§ **What you need to do**
Render every line of the data exactly as written, and leave out the pictures.

++++ Recorded data ++++

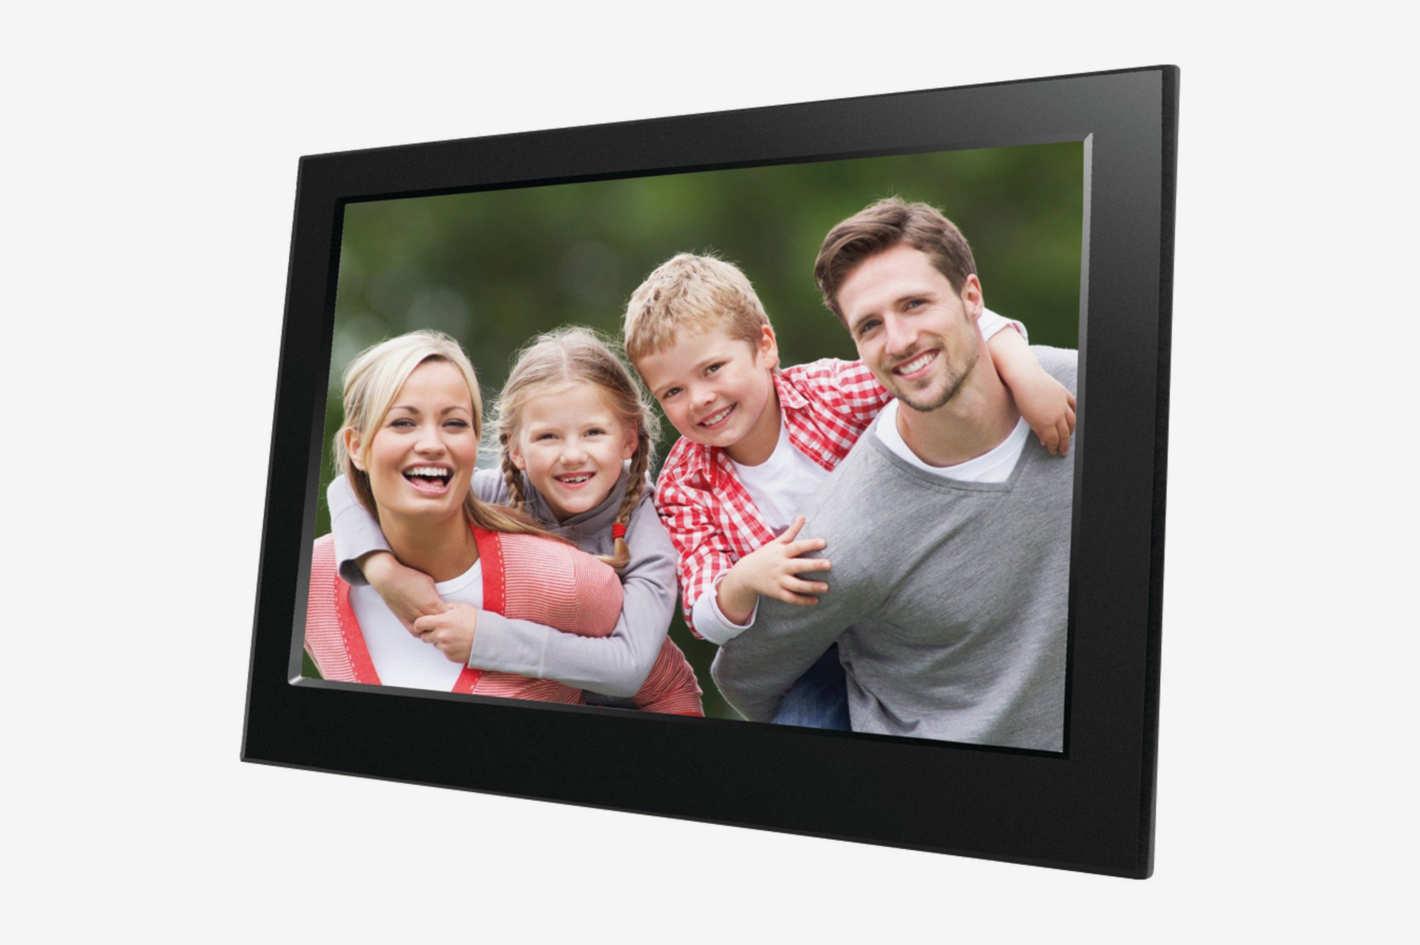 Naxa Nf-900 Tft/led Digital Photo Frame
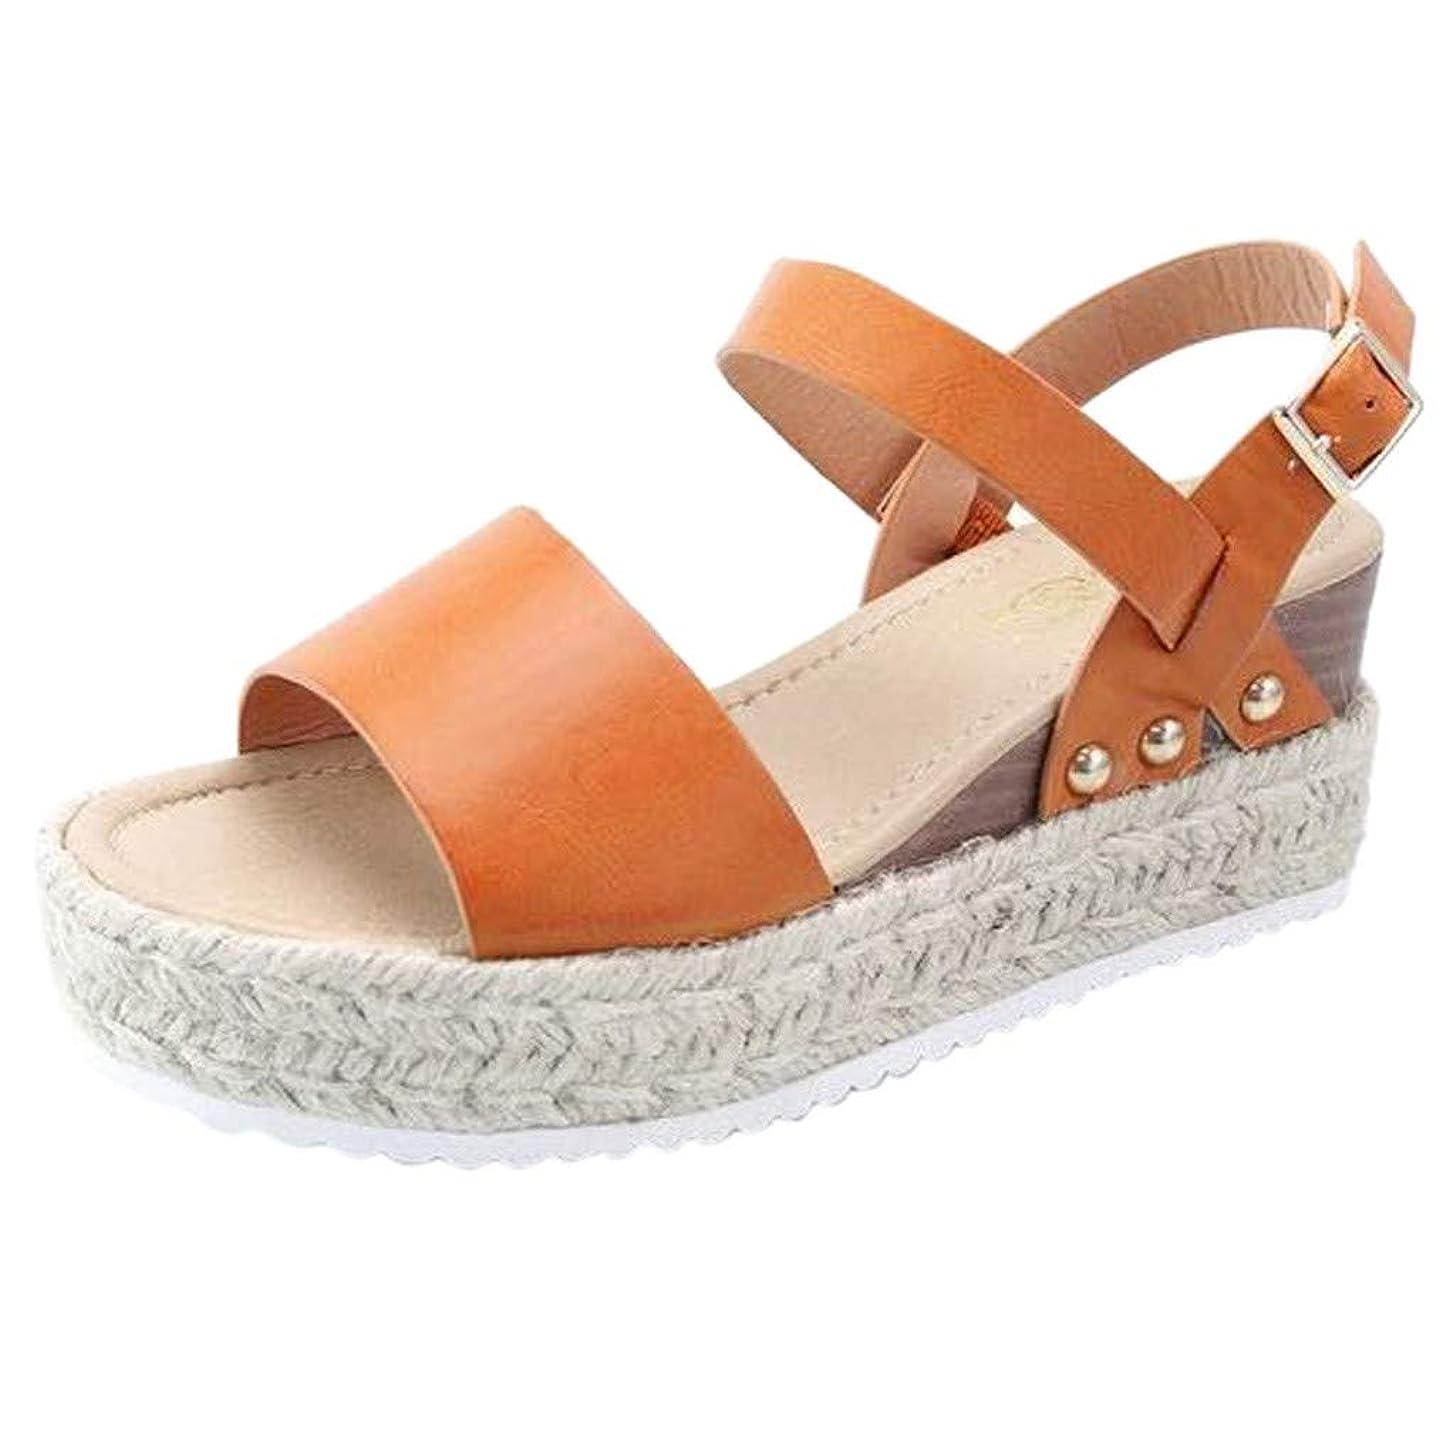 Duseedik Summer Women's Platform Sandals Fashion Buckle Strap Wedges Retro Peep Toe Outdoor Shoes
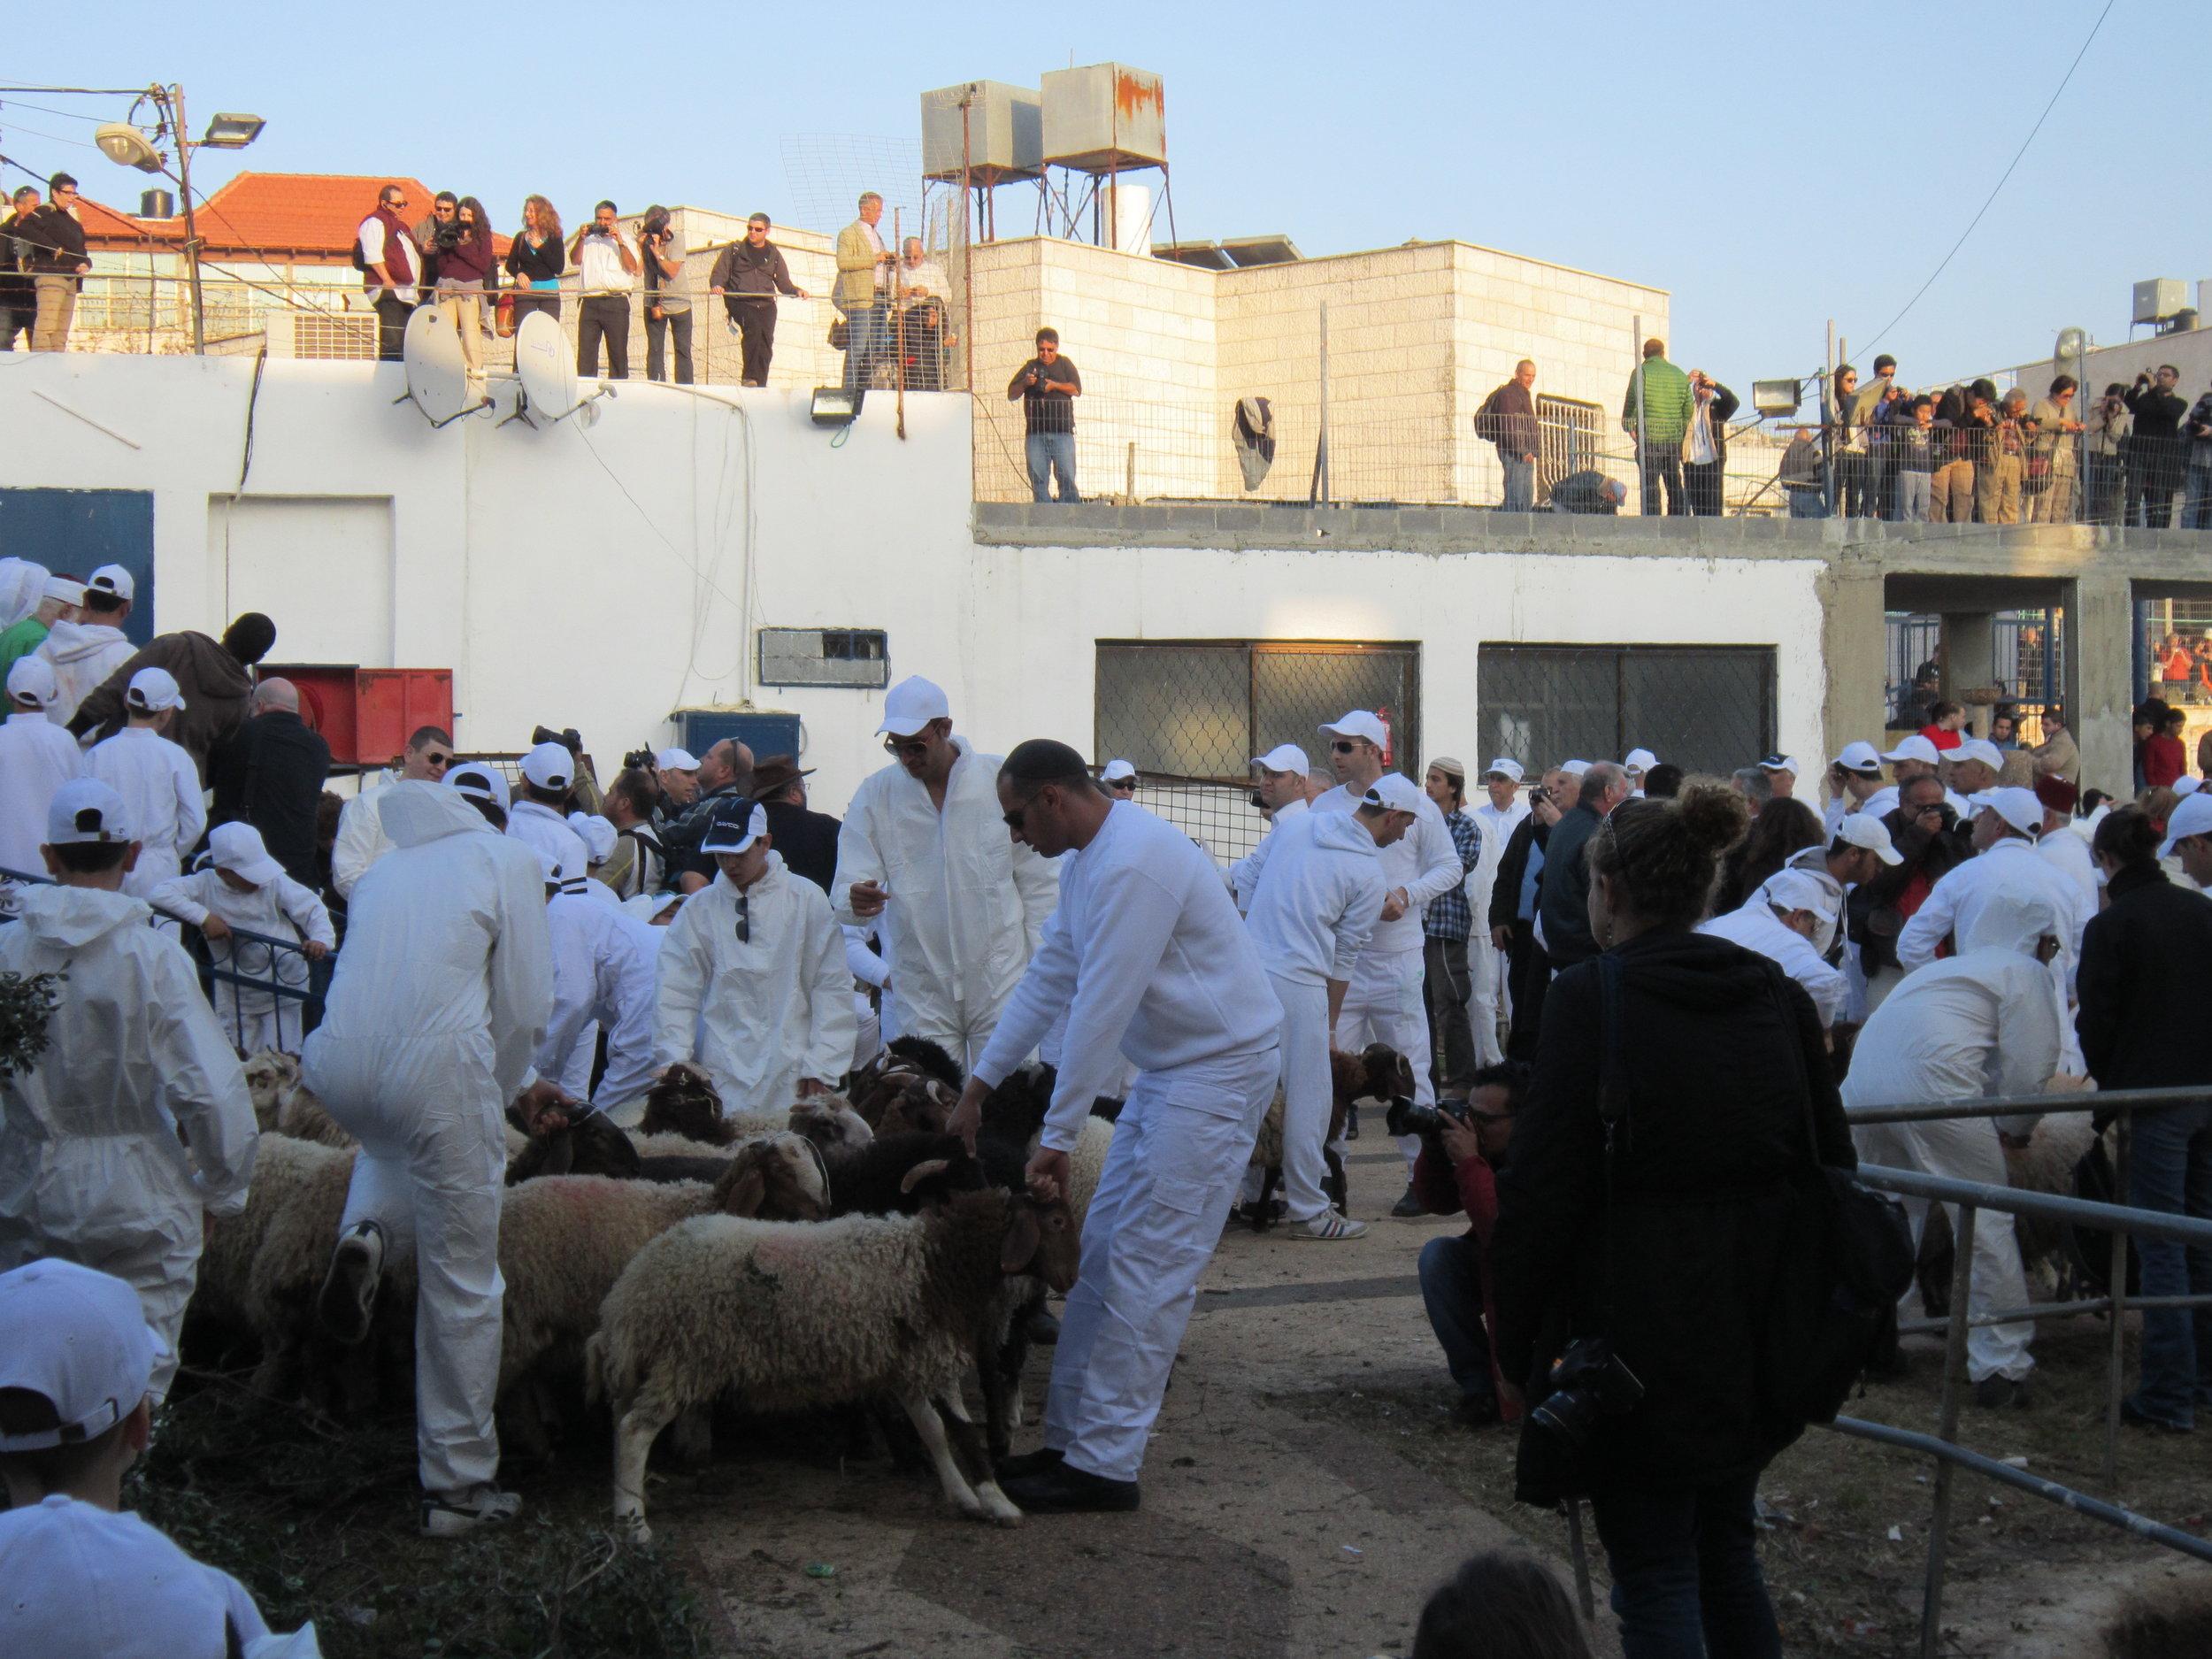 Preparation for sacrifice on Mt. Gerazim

++++

§ **Answer to this problem**
 Naxa Nf-900 Tft/led Digital Photo Frame
 Duseedik Summer Women's Platform Sandals Fashion Buckle Strap Wedges Retro Peep Toe Outdoor Shoes
 Preparation for sacrifice on Mt. Gerazim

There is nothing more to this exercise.